Stuart Clayton said...

I'm going to need a moment to get back to you on that...

CL said...

I know this comment thread has been quiet for a while now, but I stumbled on it and thought I'd chime in.

SnowLeopard, the theory you're thinking of is generally known as "Principles and Parameters" (Chomsky & Lasnik). The parameters are the binary decisions you mentioned and the principles are the universals that all languages obey.

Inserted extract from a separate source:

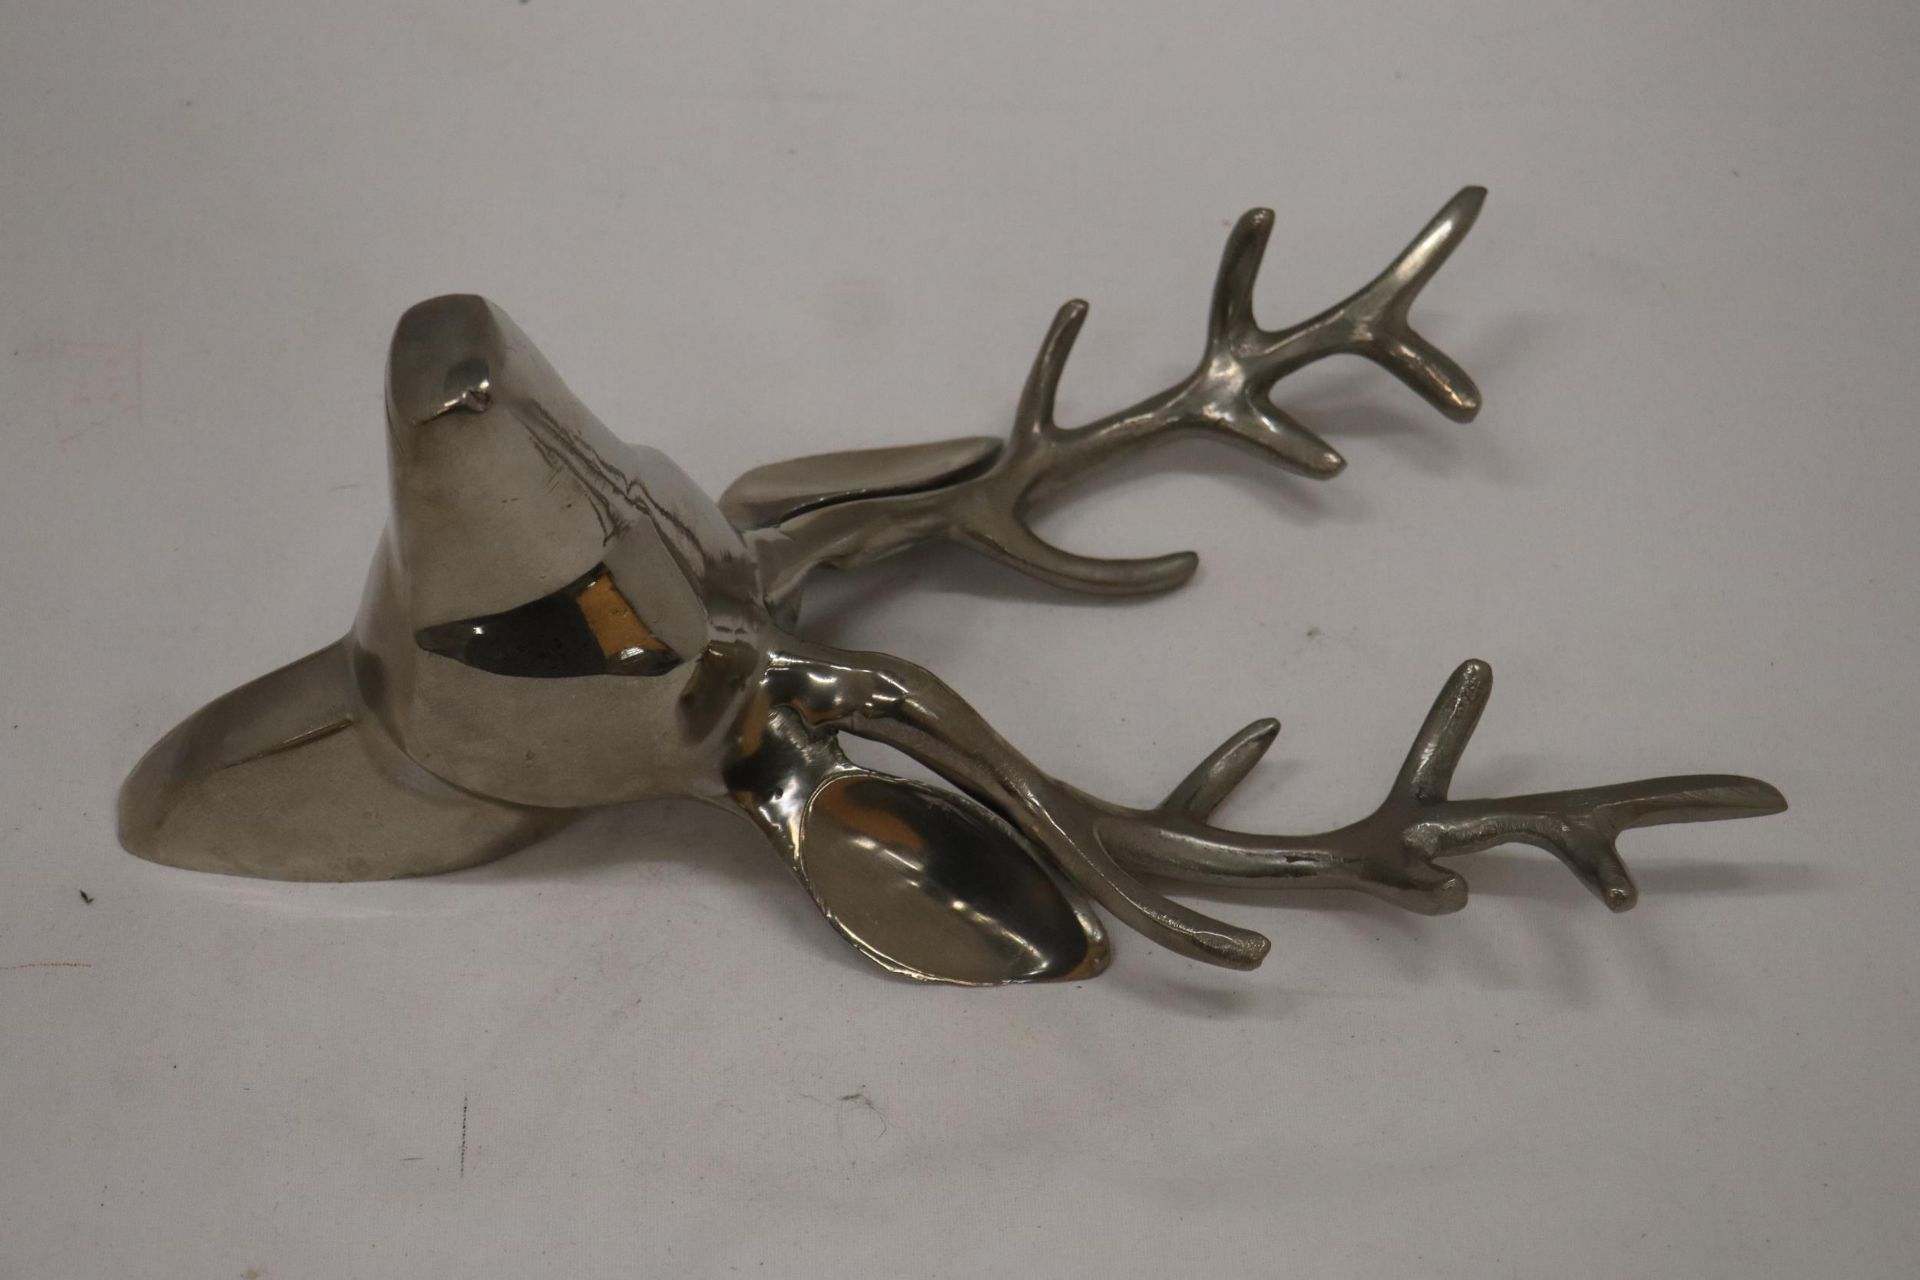 A STAINLESS STEEL DEER WALL HANGING - Image 5 of 5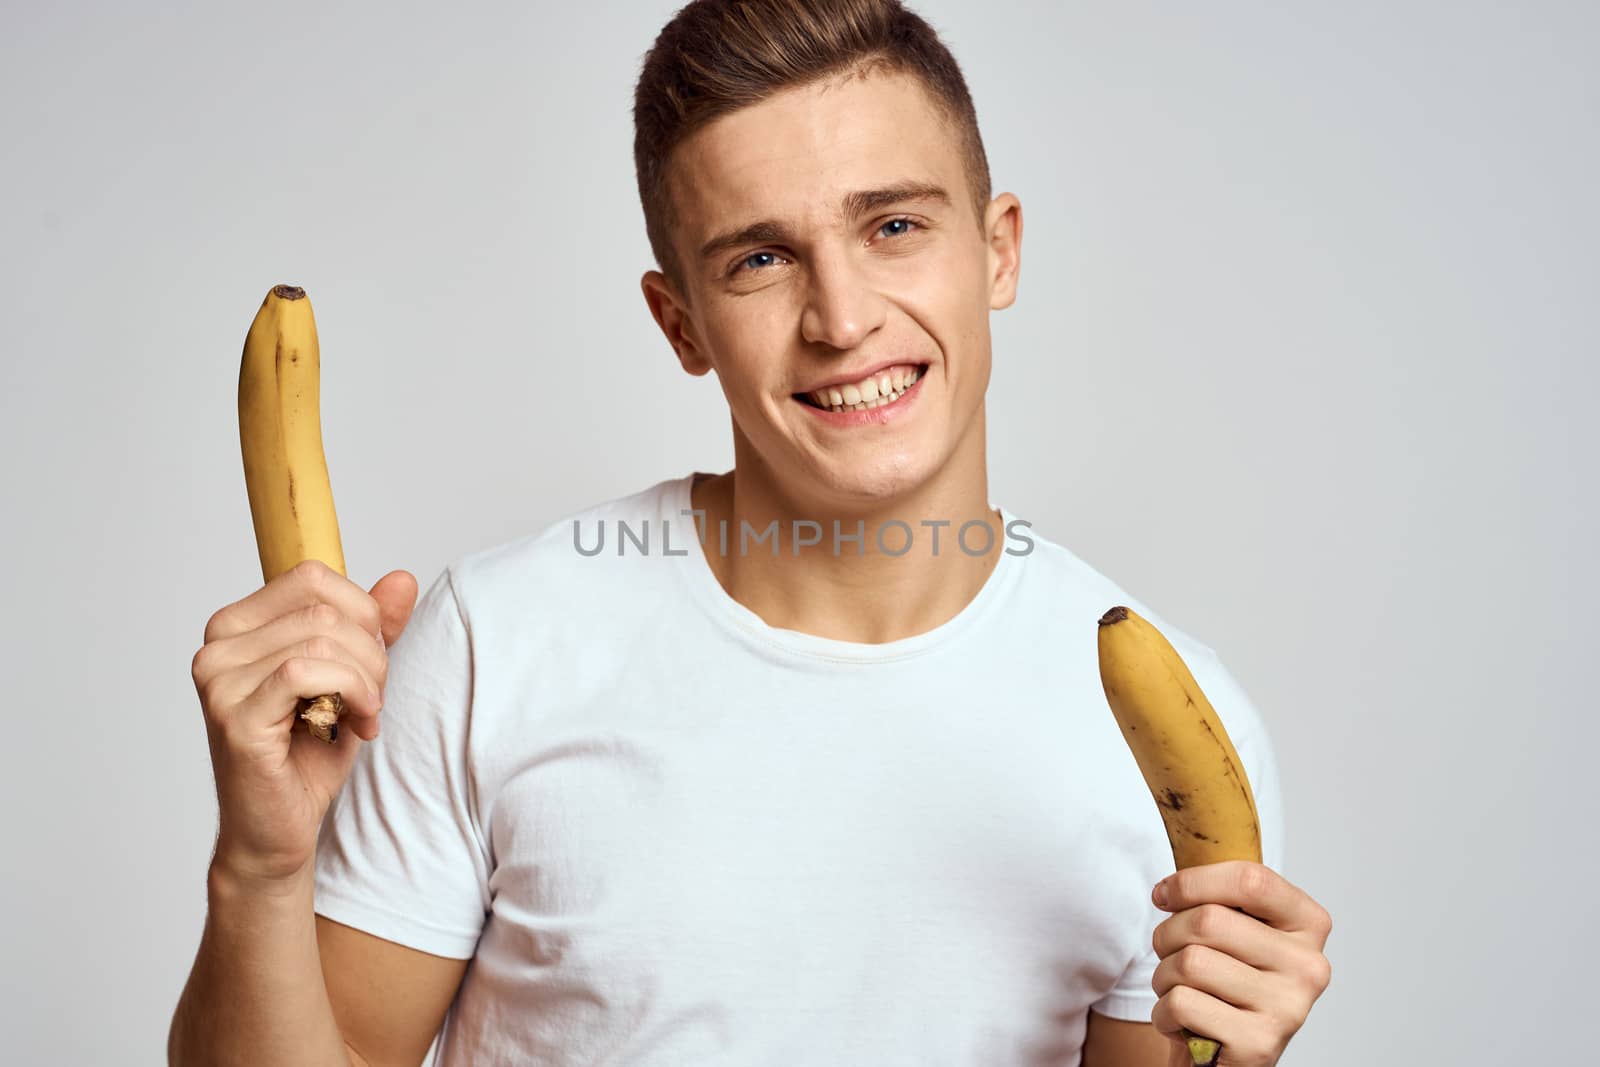 guy with a banana in his hand on a light background fun emotions light background white t-shirt model. High quality photo

When this was first proposed, the identity of the parameters was taken to be an empirical question and consequently a lot of research has been done on language typology. (For example, investigating whether languages are always either head-first or head-final.)

While it does seem to be true that languages cluster (that is, if a language uses a head-first order in its prepositional phrases, it's likely to also have a head-first order in other phrases), the picture is not as clearly binary as a strict parameter treatment would have it. It's still an influential idea, but not nearly as promising a theory as it once seemed.

The Poverty of the Stimulus argument, which Principles and Parameters was developed to address, is alive and well... and the subject of much ongoing debate in the language acquisition literature. There's a pretty decent, if brief, Wikipedia article on it, if you're not familiar with it: http://en.wikipedia.org/wiki/Poverty_of_the_stimulus.

PS- I'm mostly familiar with the syntax side of the debate, but I believe that the theory was extended to morphology and phonology... and that similar clustering but not completely binary patterns have been found in those domains, as well.

marie-lucie said...

SnowLeopard, for someone who calls himself a non-linguist I think you are pretty up to date on linguistics.
At this point I don't have much more to say on the topic, but if you are looking for a grammar of Chukchi beside the one by Bogoraz there is a recent one by Michael Dunn, a dissertation done at the Australian National University a few years ago. The author speaks Russian and has spent time in the Chukotka.

The 50-language linguist was probably Kenneth Hale, who died a few years ago. He was fantastically gifted for language acquisition.